After the classification test, participants from both the experimental and control groups completed an AXB test in which they discriminated particular pairs of Dutch contrastive vowels. The test was scripted in Praat and included the labels “A”, “X”, and “B”. Participants listened through the headphones to a triad of the target words from the PC loudspeakers and were asked to select whether the middle vowel (X) was the same as the first (A) or the second vowel (B) by clicking on the appropriate label. Each vowel pair appeared in four possible configurations, namely, AAB, ABB, BBA, and BAA, and they discriminated a total number of 64 items (4 contrasts × 4 repetitions × 4 trials). The X token was always acoustically different (i.e., different talker) from A and B tokens to avoid a solely auditory decision (Polka, 1991). The interstimulus interval was 1s and the intertrial interval 500 ms. There was an optional 5-min break after the 32nd item. There was also a four-trial familiarization test before the main test, which included different vowel contrasts from those of the main test. Each participant took approximately 15 min to complete the test.

Statistical analysis

Descriptive statistics were used to create the confusion matrix, which presents the classification proportion of each Dutch vowel as L1 Cypriot Greek categories. The determination of above chance categories was based on whether the percentage was greater or equal to 0.20. The analysis of the discrimination data has been conducted using treatment coding. Specifically, we fitted a binomial logistic mixed-effects model using the lme4 package (Bates et al., 2022) to investigate differences in the discrimination accuracy between various vowel contrasts as well as differences in the discrimination accuracy of vowel contrasts between the experimental and the control groups. ACCURACY (correct (1)/incorrect (0)) was the binary dependent variable. CONTRAST (four Dutch contrasts; dummy variables: /i – ɪ/, /ø – y/, /ɔ – o/, baseline variable: /ɛ – ʏ/), LANGUAGE (dummy variable: Dutch, baseline variable: Cypriot Greek), and CONTRAST × LANGUAGE were modeled as fixed factors, while PARTICIPANT (P1-P21) and ITEM (AAB, ABB, BBA, and BAA) were modeled as random intercepts. Pairwise comparisons were conducted using the emmeans package (Lenth et al., 2023) with the Tukey method. Posthoc analyses can provide more detailed insights into the effects and interactions observed in the data and can help to identify specific differences between groups.

Results

Classification test

The results indicated that Dutch /a ɑ i u ɔ ε ʏ e/ were classified as optimal responses to Cypriot Greek categories. In addition, Dutch /a ɑ i u ɪ ɔ ɛ ʏ o e ø y/ were classified with the highest proportion as Cypriot Greek /ɐ ɐ i u ε ɔ ε ε ɔ ε ε i/. These results can be compared to those provided by the final model of LDA. In terms of classifications with the highest proportion, LDA predicted accurately the classification of Dutch /a ɑ i u ε ʏ o e ø y/. Only the classification of Dutch /ɪ ɔ/ was not estimated correctly. The confusion matrix of the classification test is shown in Table 4.

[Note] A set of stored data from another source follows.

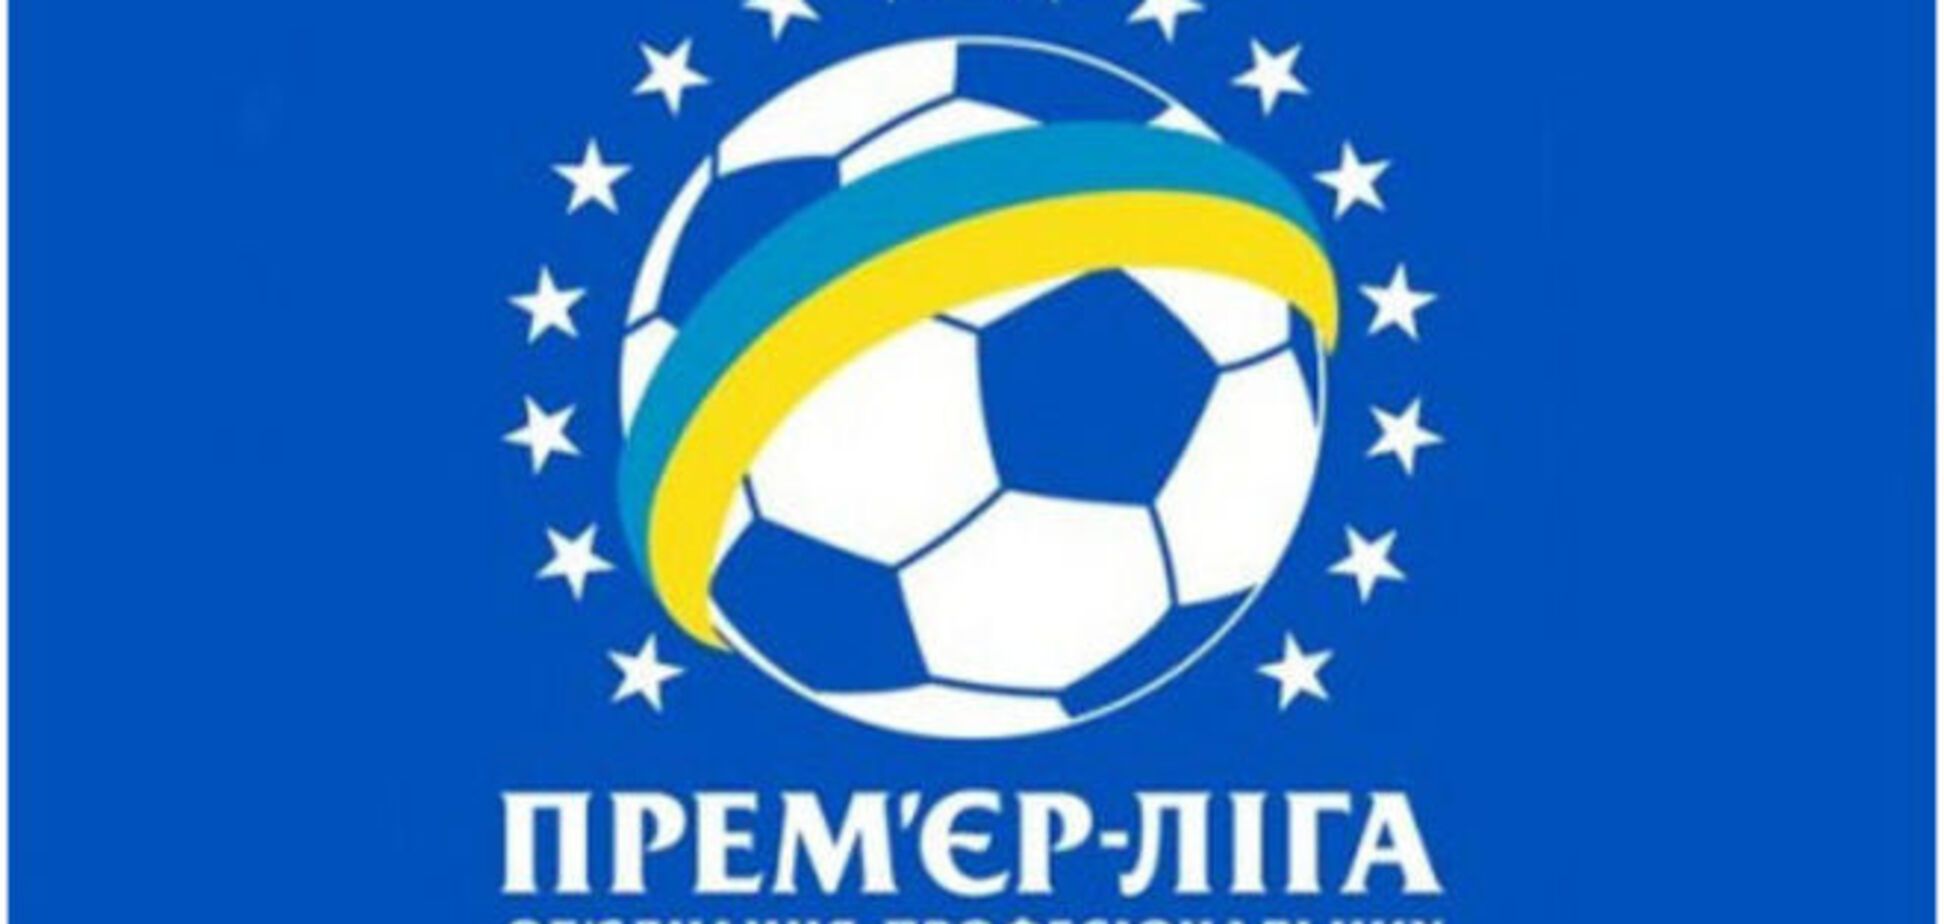 Неполуческу: утвержден формат чемпионата Украины на сезон 2015/16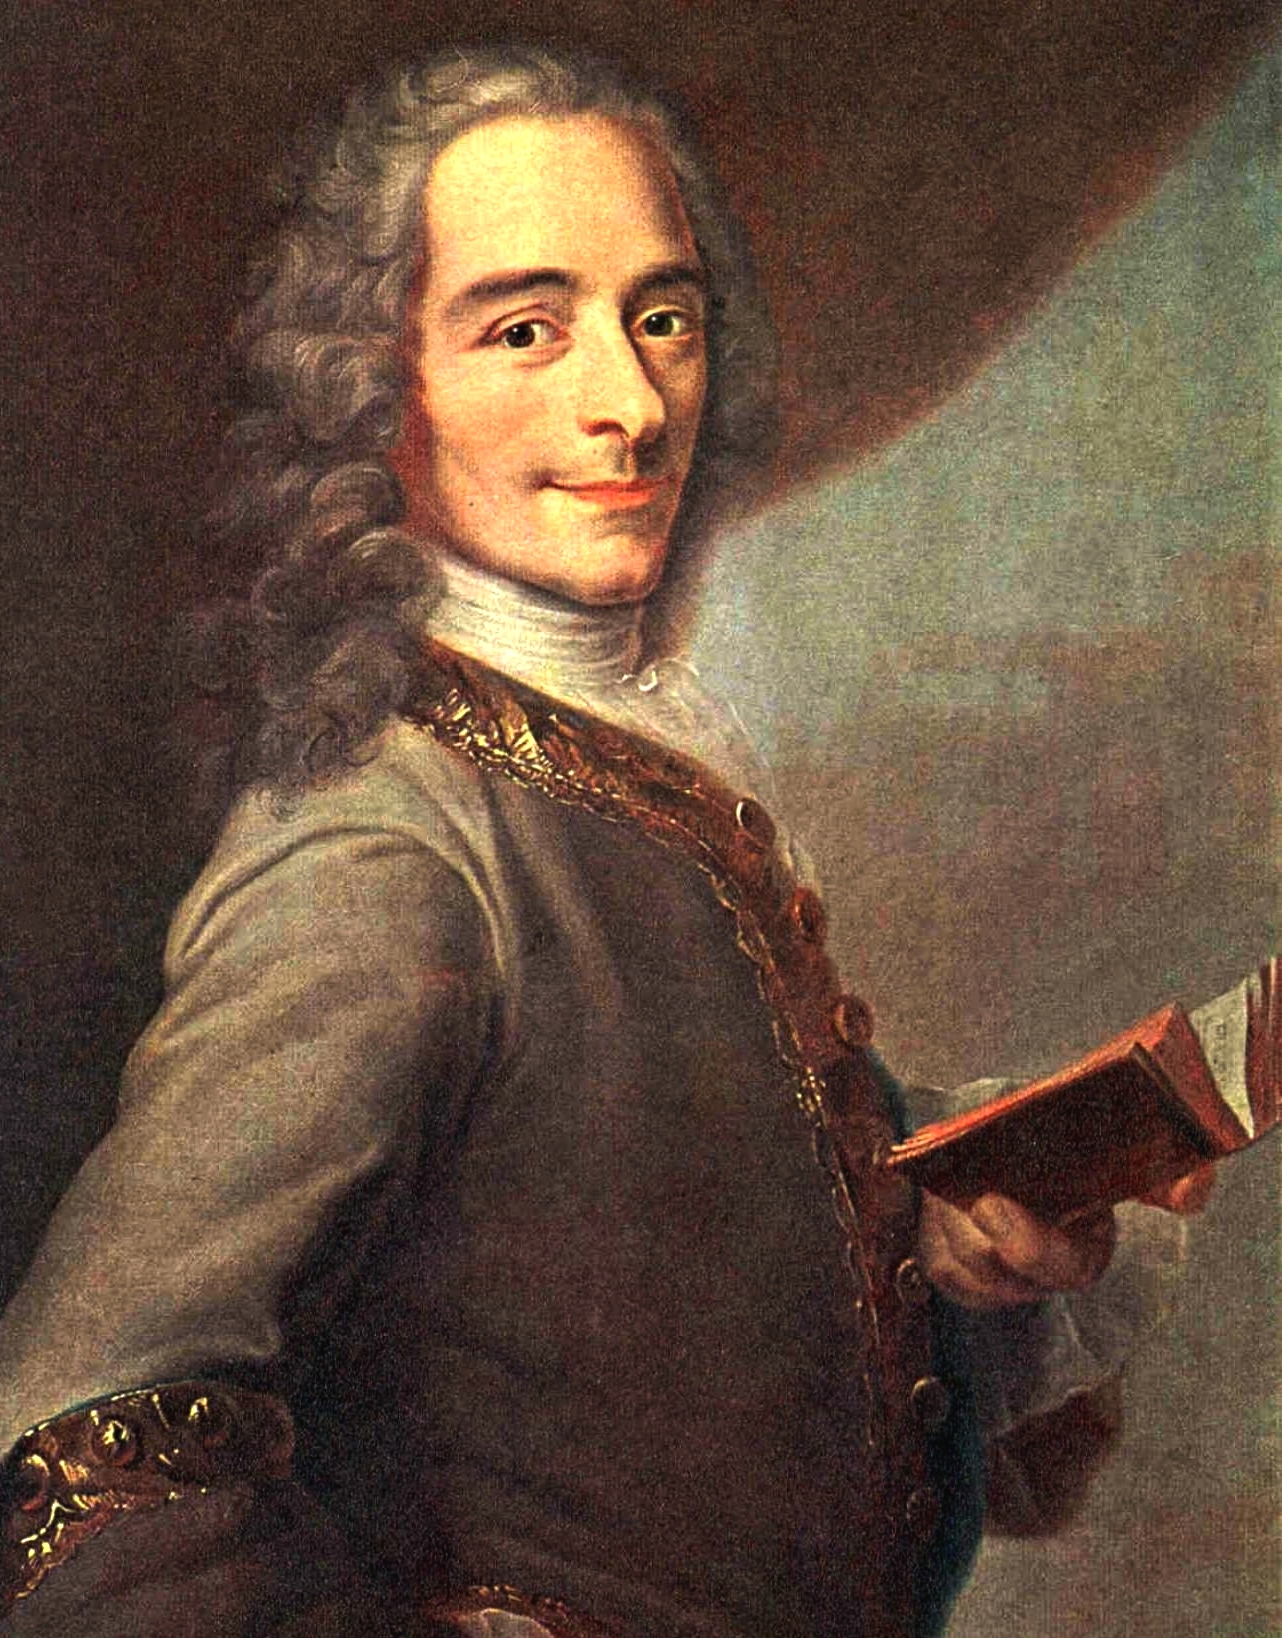 FrançoisMarie Arouet dit Voltaire, histoire et biographie de Voltaire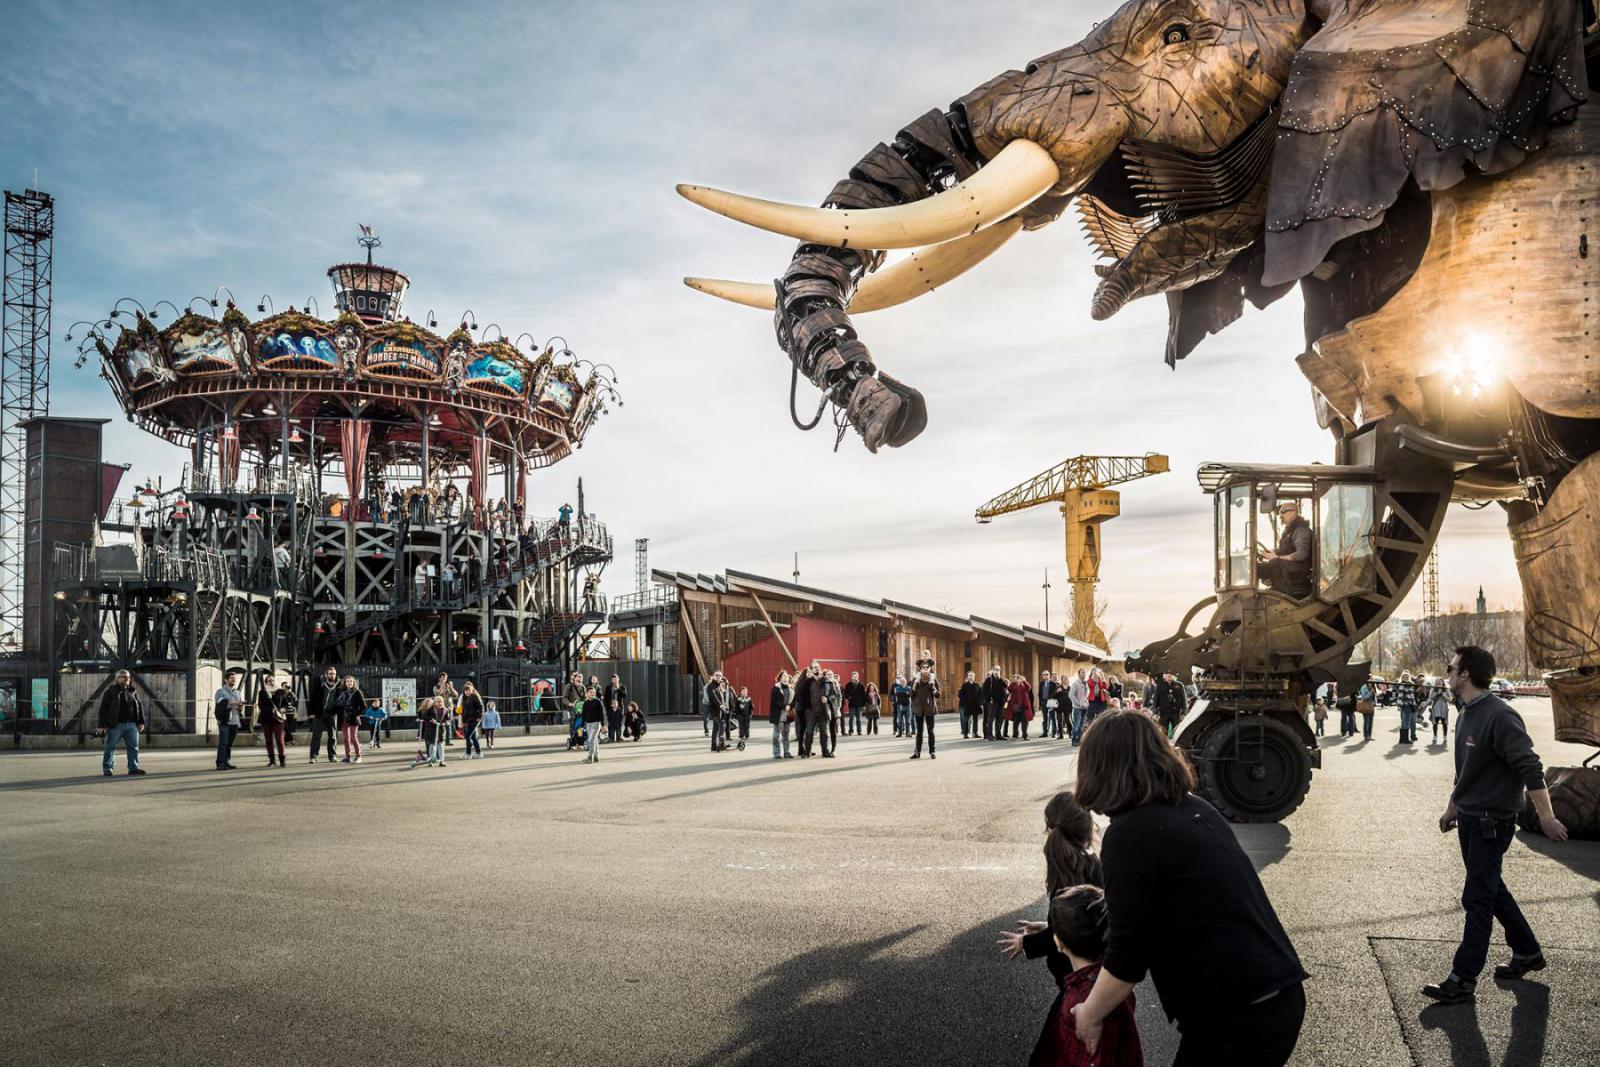 De reusachtige olifant als onderdeel van het kunstproject in Nantes

Table 4 Results of the perceptual classification test

On the basis of the classification test, the assumptions of UPM can be used to establish the predictions about the discrimination accuracy of the non-native contrasts. According to UPM, /i – ɪ/, /ø – y/, and /ɔ – o/ are partially overlapping contrasts as the classified responses share at least one above chance response, while /ɛ – ʏ/ is a completely overlapping contrast as the responses share the same above chance response. It is expected that the partially overlapping contrasts will present with moderate-to-good accuracy. Completely overlapping contrasts exhibit poor discrimination. However, there is a chance to exhibit moderate-to-good discrimination if listeners hear some acoustic differences between the sound tokens. To verify whether there was a perceived acoustic distance between /ɛ – ʏ/, we conducted a t-test on the goodness-of-fit ratings of both Dutch vowels classified as Cypriot Greek /ε/. The ratings revealed significant differences (t = 2.9, df = 98, p = 0.005), indicating that Dutch /ε/ (M = 3.85) was perceived as a closer exemplar to Cypriot Greek /ε/ compared to Dutch /ʏ/ (M = 3.16). Thus, listeners did not perceive both Dutch vowels as being equal acoustic exemplars of L1 /ε/.

Discrimination test

The results of the discrimination test showed that Cypriot Greek listeners discriminated the target Dutch contrasts to a moderate extent. As anticipated, the discrimination accuracy of Cypriot Greek listeners was lower compared to that of Dutch speakers. The accuracy of each Dutch contrast as discriminated by both groups is illustrated in Fig. 4. We used one-sample t-tests to examine whether the performance of the experimental and the control groups was above chance. The test indicated significant differences in the discrimination of each contrast by Cypriot Greek listeners and Dutch speakers, signaling above-chance performance for every contrast (Cypriot Greek: t = 4.08–6.84, df = 20, p < 0.001; Dutch: t = 22.55–79.65, df = 9, p < 0.001).

Fig. 4
figure 4

Correct discrimination of the Dutch vowel contrasts by Cypriot Greek listeners and Dutch speakers (dashed line shows chance level)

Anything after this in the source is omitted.